→ **What is expected**: Every line of the records below from the line with "Amora mini squeeze" up to and including the line with "Lot 89 Hydrus" must be reproduced exactly, and no line outside that range.

→ **Extracted information**:
⟨

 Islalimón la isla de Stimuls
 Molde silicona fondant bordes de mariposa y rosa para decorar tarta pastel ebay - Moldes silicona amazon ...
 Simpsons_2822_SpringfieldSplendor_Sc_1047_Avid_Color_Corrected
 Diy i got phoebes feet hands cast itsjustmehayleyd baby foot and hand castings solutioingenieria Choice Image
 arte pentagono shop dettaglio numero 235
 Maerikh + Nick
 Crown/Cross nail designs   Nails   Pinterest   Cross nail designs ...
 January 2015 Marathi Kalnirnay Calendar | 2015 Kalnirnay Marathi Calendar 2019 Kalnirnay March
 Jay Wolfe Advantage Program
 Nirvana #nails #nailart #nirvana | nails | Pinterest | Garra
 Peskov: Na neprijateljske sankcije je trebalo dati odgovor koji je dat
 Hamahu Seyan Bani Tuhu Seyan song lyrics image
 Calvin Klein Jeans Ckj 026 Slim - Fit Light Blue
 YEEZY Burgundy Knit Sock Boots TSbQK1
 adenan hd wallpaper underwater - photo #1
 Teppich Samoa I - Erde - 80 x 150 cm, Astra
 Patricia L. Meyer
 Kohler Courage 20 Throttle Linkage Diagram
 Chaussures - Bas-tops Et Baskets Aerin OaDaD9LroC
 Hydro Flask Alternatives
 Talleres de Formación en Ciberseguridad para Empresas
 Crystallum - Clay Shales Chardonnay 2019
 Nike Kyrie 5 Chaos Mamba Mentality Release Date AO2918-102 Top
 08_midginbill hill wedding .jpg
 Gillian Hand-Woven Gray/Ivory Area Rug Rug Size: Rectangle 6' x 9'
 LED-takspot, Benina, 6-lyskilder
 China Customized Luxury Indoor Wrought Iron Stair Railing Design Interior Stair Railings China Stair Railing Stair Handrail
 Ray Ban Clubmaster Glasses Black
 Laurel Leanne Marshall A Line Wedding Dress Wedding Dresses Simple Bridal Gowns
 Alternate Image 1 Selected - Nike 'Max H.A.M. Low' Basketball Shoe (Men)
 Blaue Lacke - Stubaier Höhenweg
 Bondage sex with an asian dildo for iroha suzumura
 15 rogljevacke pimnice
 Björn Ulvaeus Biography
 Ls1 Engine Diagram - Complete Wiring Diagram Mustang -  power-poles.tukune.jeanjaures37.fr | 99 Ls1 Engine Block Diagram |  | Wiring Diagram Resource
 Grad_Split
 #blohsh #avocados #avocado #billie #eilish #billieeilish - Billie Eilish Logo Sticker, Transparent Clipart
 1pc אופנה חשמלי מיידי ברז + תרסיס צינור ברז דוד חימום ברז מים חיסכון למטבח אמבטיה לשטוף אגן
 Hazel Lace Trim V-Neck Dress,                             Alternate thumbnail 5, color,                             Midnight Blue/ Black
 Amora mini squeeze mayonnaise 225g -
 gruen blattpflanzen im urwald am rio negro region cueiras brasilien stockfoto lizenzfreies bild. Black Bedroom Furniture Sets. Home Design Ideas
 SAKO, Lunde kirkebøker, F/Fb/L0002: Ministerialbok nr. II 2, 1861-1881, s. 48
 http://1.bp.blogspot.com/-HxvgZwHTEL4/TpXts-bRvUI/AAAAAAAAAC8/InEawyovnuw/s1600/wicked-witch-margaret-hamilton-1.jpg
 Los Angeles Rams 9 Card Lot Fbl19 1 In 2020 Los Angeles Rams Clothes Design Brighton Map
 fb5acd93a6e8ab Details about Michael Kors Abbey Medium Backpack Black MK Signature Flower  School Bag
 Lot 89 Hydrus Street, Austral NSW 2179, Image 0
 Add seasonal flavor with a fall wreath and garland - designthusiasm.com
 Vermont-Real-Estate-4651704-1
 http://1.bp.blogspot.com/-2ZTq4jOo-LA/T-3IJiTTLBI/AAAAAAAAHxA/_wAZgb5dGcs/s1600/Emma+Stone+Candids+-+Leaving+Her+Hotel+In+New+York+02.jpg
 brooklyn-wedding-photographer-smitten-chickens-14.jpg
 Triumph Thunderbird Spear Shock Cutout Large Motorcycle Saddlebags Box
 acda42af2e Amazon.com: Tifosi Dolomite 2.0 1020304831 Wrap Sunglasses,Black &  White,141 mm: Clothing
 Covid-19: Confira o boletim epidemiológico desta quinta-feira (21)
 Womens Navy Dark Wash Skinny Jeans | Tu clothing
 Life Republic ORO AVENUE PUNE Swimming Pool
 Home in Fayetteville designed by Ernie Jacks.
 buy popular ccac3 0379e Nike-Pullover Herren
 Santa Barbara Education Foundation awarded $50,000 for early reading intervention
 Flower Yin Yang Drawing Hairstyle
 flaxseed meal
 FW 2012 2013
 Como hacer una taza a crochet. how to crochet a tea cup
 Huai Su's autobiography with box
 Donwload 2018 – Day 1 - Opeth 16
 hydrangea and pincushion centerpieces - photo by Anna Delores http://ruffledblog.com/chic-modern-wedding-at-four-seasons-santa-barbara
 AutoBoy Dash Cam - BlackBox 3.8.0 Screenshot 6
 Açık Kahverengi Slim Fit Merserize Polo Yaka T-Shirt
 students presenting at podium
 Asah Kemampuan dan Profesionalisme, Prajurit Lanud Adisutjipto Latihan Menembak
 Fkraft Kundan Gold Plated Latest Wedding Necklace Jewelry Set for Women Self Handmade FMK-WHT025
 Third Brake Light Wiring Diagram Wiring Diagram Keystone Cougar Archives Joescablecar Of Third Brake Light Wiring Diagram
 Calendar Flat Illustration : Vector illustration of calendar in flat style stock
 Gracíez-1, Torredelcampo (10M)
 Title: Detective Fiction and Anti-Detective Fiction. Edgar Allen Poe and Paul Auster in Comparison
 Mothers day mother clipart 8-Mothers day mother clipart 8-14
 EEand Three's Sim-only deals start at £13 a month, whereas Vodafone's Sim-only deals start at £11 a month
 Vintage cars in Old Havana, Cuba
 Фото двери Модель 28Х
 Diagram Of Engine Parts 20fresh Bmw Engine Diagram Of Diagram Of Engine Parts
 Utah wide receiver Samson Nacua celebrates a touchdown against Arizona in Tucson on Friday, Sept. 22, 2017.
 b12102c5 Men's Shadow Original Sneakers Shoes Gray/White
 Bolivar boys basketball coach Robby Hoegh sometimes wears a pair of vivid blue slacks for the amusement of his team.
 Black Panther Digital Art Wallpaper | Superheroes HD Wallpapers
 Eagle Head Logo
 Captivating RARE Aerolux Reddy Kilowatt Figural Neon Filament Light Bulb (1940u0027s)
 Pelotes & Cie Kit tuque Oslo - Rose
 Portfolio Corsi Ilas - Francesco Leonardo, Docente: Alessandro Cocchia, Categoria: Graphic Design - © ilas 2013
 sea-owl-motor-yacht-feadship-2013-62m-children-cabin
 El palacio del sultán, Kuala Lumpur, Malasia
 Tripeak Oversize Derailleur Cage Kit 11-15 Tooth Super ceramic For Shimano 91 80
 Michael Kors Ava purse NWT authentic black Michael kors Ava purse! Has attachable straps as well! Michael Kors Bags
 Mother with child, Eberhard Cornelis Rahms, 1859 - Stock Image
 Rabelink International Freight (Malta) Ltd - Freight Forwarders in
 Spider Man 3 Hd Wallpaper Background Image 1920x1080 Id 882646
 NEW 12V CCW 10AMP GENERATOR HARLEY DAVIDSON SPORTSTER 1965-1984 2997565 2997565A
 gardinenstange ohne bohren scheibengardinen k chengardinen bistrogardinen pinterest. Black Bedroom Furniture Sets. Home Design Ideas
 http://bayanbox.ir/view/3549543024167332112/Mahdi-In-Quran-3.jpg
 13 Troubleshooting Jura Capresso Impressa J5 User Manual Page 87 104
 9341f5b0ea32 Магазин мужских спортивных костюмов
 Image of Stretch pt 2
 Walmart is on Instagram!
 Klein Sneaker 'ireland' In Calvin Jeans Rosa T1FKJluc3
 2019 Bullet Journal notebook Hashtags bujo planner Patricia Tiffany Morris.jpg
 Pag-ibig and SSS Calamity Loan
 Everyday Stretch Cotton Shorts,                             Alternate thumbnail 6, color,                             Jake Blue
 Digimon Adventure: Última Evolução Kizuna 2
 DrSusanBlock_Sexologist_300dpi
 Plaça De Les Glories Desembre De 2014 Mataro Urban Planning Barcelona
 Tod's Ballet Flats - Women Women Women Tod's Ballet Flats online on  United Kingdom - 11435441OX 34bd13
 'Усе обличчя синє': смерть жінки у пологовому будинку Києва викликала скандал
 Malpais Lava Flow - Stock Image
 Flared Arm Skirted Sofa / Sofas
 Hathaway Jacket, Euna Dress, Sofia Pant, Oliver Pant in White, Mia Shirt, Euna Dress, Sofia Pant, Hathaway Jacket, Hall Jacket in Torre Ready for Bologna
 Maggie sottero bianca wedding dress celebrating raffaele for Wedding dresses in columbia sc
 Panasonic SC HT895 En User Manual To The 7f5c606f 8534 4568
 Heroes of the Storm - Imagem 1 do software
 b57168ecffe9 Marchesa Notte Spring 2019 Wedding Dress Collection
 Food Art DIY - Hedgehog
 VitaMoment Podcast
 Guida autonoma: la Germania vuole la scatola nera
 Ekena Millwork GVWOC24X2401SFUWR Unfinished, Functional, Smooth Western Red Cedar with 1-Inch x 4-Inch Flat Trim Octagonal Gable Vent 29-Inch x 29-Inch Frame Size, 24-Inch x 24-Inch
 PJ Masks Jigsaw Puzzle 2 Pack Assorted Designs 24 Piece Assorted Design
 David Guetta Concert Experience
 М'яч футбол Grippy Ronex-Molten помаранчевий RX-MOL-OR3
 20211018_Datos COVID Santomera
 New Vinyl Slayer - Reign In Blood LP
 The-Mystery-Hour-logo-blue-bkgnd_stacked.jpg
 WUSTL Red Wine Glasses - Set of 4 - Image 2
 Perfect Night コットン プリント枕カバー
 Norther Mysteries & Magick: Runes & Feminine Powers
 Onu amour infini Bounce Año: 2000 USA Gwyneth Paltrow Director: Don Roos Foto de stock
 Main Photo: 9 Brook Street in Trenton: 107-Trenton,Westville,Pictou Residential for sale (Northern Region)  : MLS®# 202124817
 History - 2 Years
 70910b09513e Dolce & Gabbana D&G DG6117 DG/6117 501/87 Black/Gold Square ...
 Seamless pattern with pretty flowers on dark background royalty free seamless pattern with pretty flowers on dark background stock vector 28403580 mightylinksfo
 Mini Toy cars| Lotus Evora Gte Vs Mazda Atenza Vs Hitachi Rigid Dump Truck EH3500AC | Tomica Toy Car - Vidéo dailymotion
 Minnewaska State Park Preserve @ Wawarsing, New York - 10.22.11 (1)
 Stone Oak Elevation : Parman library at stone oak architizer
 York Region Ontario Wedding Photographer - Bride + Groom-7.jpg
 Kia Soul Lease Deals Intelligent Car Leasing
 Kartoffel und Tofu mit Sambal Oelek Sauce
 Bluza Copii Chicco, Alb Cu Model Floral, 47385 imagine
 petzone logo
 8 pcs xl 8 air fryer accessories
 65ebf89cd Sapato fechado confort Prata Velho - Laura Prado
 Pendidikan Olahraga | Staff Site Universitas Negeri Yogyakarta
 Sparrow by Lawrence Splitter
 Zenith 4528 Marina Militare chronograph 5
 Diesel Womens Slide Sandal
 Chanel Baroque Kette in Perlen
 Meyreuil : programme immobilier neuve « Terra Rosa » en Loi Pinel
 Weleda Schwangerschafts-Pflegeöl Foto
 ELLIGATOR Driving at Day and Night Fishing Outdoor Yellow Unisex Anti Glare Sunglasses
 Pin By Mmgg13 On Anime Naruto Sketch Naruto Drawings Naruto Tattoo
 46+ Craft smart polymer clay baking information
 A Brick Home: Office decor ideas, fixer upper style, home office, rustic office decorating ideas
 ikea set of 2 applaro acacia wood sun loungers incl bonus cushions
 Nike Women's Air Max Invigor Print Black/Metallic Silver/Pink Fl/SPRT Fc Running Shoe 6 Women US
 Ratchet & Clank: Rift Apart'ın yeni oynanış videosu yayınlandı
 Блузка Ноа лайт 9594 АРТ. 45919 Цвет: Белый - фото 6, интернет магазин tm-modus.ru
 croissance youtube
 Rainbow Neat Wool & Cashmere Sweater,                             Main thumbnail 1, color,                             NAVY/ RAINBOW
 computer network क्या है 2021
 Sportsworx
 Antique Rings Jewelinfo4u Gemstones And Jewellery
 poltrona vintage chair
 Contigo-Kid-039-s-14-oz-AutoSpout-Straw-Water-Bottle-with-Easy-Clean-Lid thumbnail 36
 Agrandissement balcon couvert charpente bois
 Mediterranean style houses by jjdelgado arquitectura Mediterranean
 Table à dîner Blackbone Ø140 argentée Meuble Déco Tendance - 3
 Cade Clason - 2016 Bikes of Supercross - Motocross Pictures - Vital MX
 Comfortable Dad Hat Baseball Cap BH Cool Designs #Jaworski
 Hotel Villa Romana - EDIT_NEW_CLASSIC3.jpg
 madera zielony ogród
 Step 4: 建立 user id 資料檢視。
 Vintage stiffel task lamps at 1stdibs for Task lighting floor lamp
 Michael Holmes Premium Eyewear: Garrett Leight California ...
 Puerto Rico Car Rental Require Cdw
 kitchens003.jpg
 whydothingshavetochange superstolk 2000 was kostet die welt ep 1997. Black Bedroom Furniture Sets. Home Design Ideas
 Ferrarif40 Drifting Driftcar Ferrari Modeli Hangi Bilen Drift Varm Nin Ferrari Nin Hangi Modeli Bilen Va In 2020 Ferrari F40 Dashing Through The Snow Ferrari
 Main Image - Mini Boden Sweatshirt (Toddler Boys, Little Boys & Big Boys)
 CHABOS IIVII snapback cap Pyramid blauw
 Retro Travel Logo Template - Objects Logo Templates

⟩

→ **Expected output**:
 Amora mini squeeze mayonnaise 225g -
 gruen blattpflanzen im urwald am rio negro region cueiras brasilien stockfoto lizenzfreies bild. Black Bedroom Furniture Sets. Home Design Ideas
 SAKO, Lunde kirkebøker, F/Fb/L0002: Ministerialbok nr. II 2, 1861-1881, s. 48
 http://1.bp.blogspot.com/-HxvgZwHTEL4/TpXts-bRvUI/AAAAAAAAAC8/InEawyovnuw/s1600/wicked-witch-margaret-hamilton-1.jpg
 Los Angeles Rams 9 Card Lot Fbl19 1 In 2020 Los Angeles Rams Clothes Design Brighton Map
 fb5acd93a6e8ab Details about Michael Kors Abbey Medium Backpack Black MK Signature Flower  School Bag
 Lot 89 Hydrus Street, Austral NSW 2179, Image 0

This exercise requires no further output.